Его странный, лающий смех был лишен юмора. Они пережили пустыню, но теперь были близко к пограничным землям, и Кайду со своими отступниками был где-то там, в ожидании. Сартак знал множество способов устроить засаду. Теперь ситуация обернулась против него.

Жоссеран стоял на крыше хана, вглядываясь в темноту. Он мог различить силуэт Небесных гор на фоне ночного неба. За ними, где-то, была Крыша Мира.

– Не думал найти тебя здесь, – сказал Уильям. – Я думал, ты будешь развлекаться с женами язычников. Похоже, наш татарский эскорт почти в полном составе воспользовался тем блудом, что в этих землях сходит за гостеприимство.

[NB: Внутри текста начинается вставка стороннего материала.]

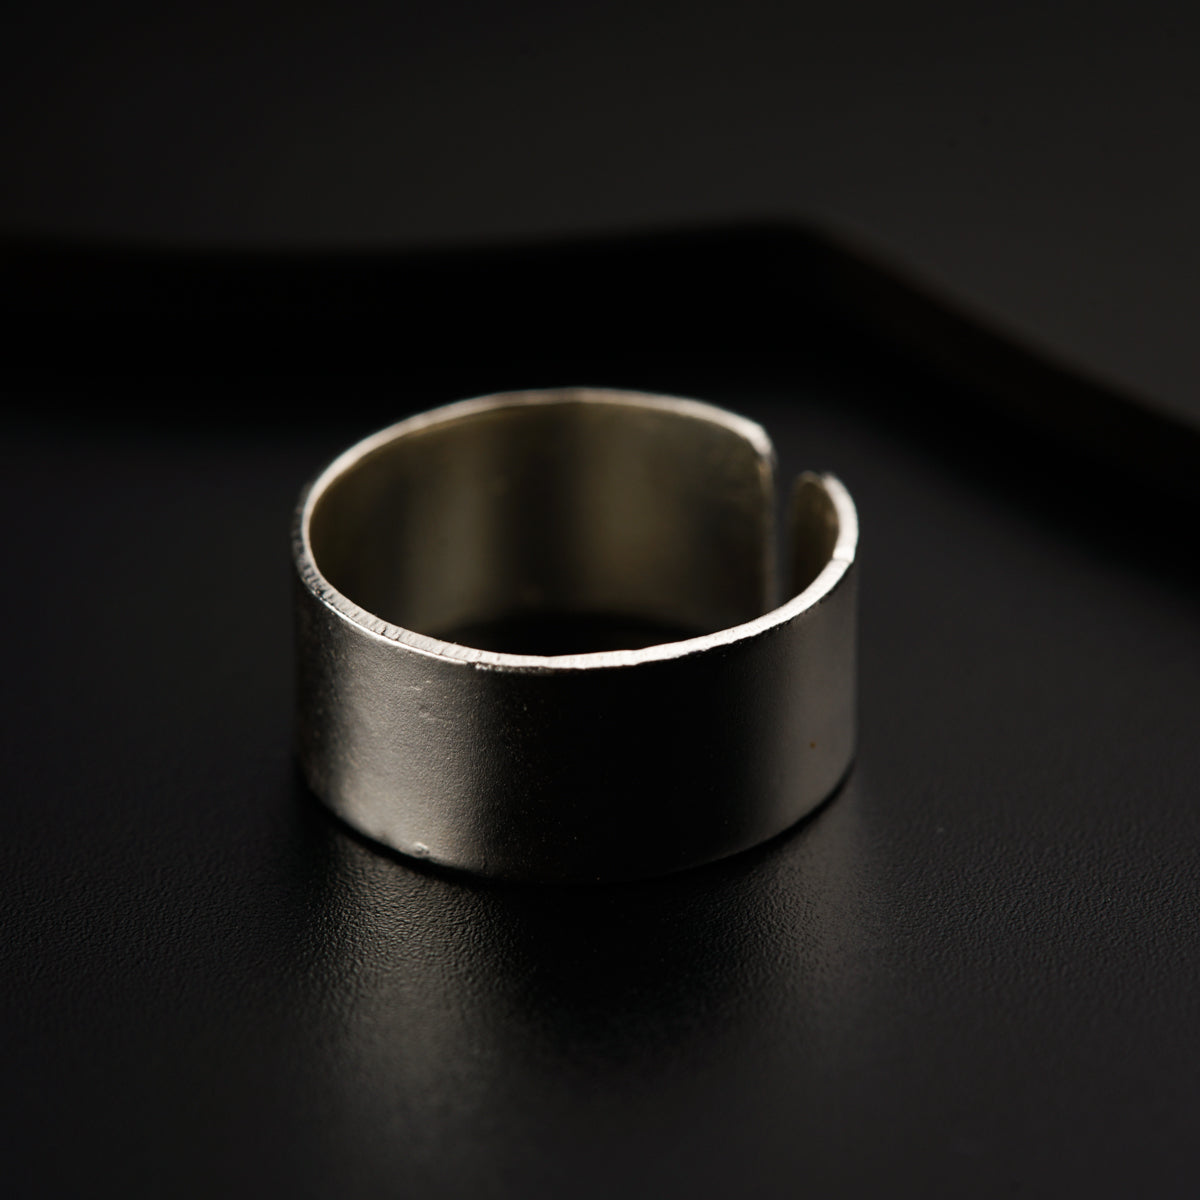 Wedding Ring Bands - My Personal Jewellery

Жоссерану предлагали подобные утехи, но сегодня он не испытывал к ним никакого интереса. Но он не позволит Уильяму одержать даже эту маленькую победу, и поэтому сказал:

– Боюсь, остались только уродливые женщины. Сартак предложил мне воспользоваться верблюдами, если я найду ту, что не слишком противна моему глазу.

– Зная тебя, ты найдешь.

– Вижу, ты оправился от своего испытания.

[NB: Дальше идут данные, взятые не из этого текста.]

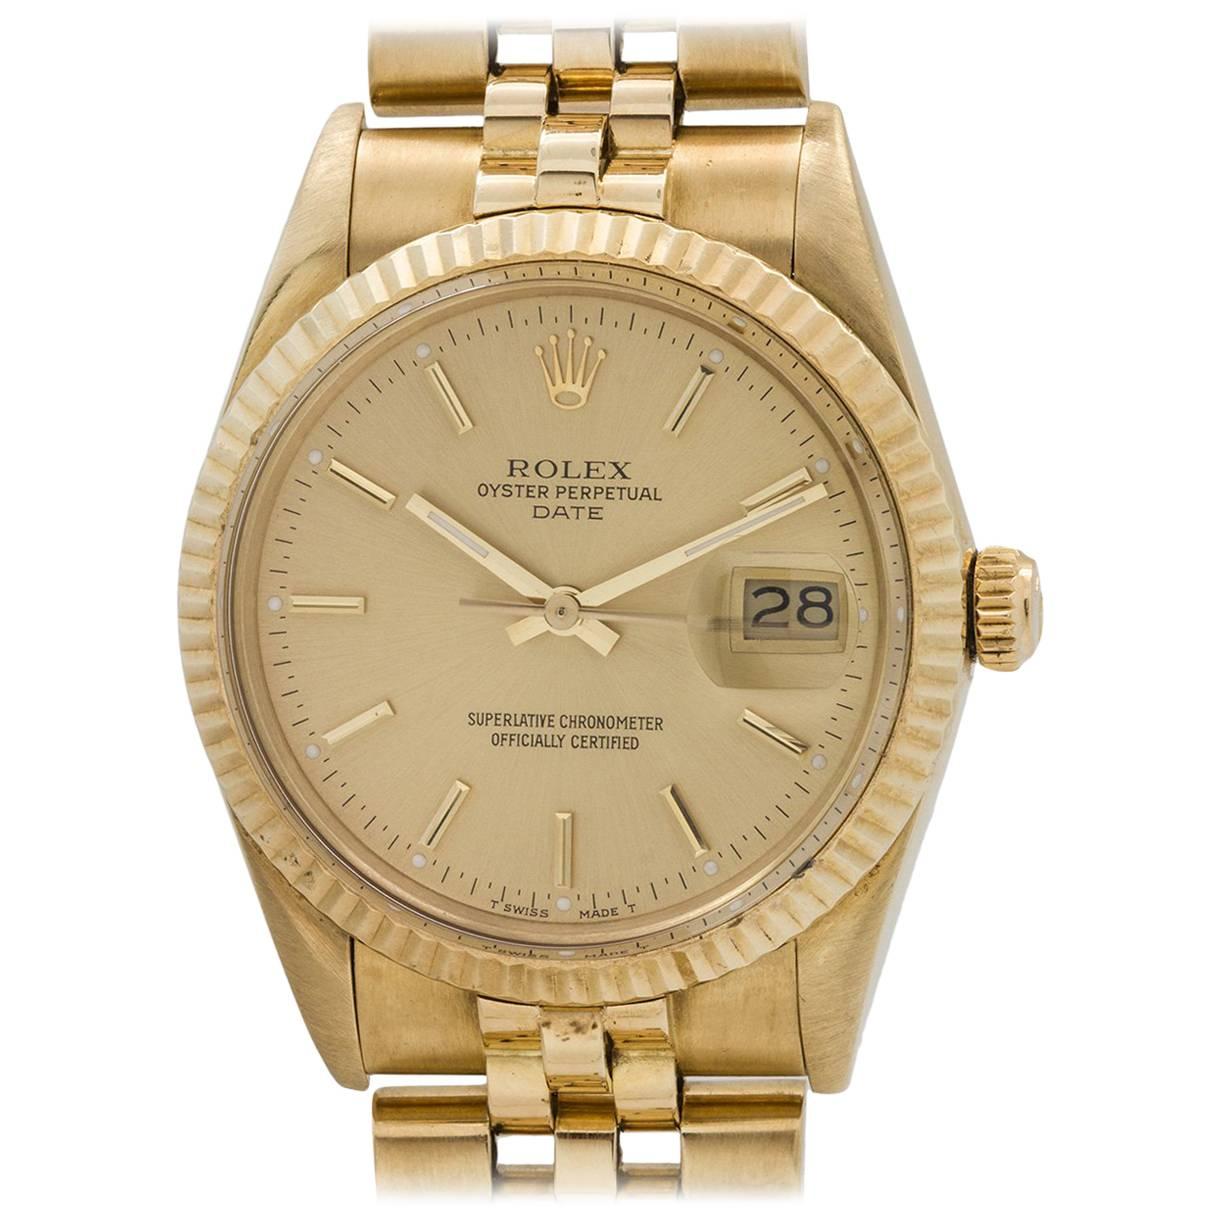 Rolex Yellow Gold Oyster Perpetual Date Wristwatch Ref 15037, circa 1986

– Зачем ты вернулся за мной?

– Я дал слово, что буду защищать тебя в этом путешествии.

– Многие дают слово, немногие его держат. Ты человек многих противоречий, тамплиер. Бывали времена, когда я думал, что твоя единственная цель – это мешать всем моим усилиям принести Христа в эти безбожные земли. А теперь я обязан тебе жизнью.

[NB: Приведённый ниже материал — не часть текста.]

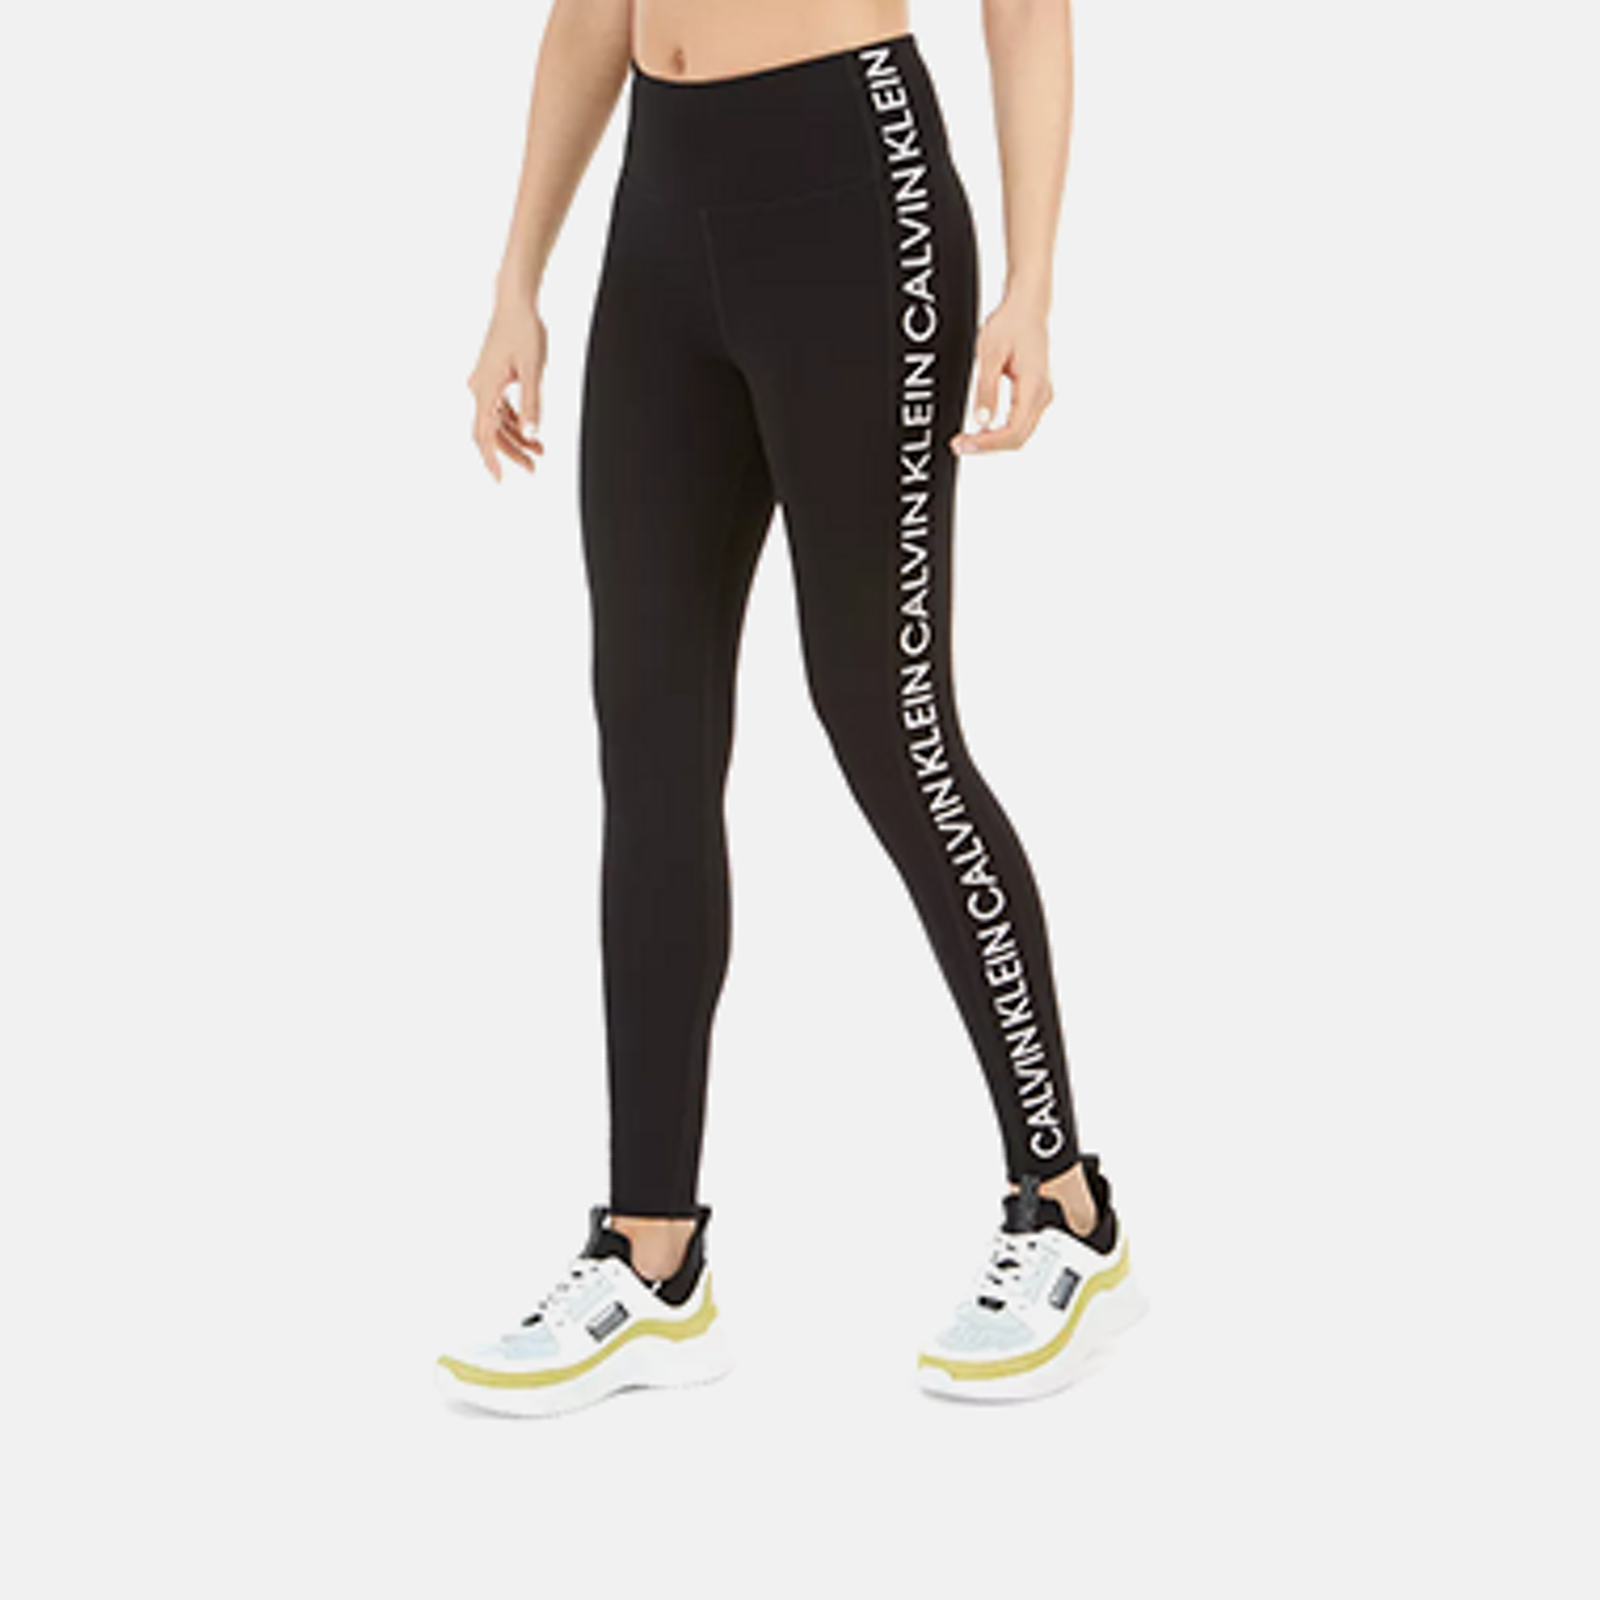 Cotton Workout Clothing & Activewear for Women - Macy's

– На то была воля Божья, что мы тебя нашли.

– Не думай, что теперь я у тебя в долгу.

– О, я бы никогда так не подумал. Я уверен, что в ближайшие недели я много раз буду укорять себя за то, что не дал тебе умереть в пустыне.

– Возможно, тебе следовало так и сделать.

Жоссеран был поражен этим признанием. Он гадал, что его вызвало. Но Уильям не собирался говорить больше. Он отвернулся и оставил Жоссерана там, на крепостной стене, под холодным покровом бесстрастных звезд.

***

CIV

Ночь была пыткой. Блохи, москиты и мошкара с ненасытным аппетитом пировали на теле Жоссерана, и спасения не было. Наконец, измученный, он погрузился в тревожный сон, чтобы тут же быть грубо разбуженным, когда что-то упало на него с балок над головой. Он сел, сердце молотом колотилось в груди, и потянулся за свечой. Он увидел, как паук с телом размером с яйцо проворно скрылся на земляном полу. В его челюстях был таракан с красными глазами.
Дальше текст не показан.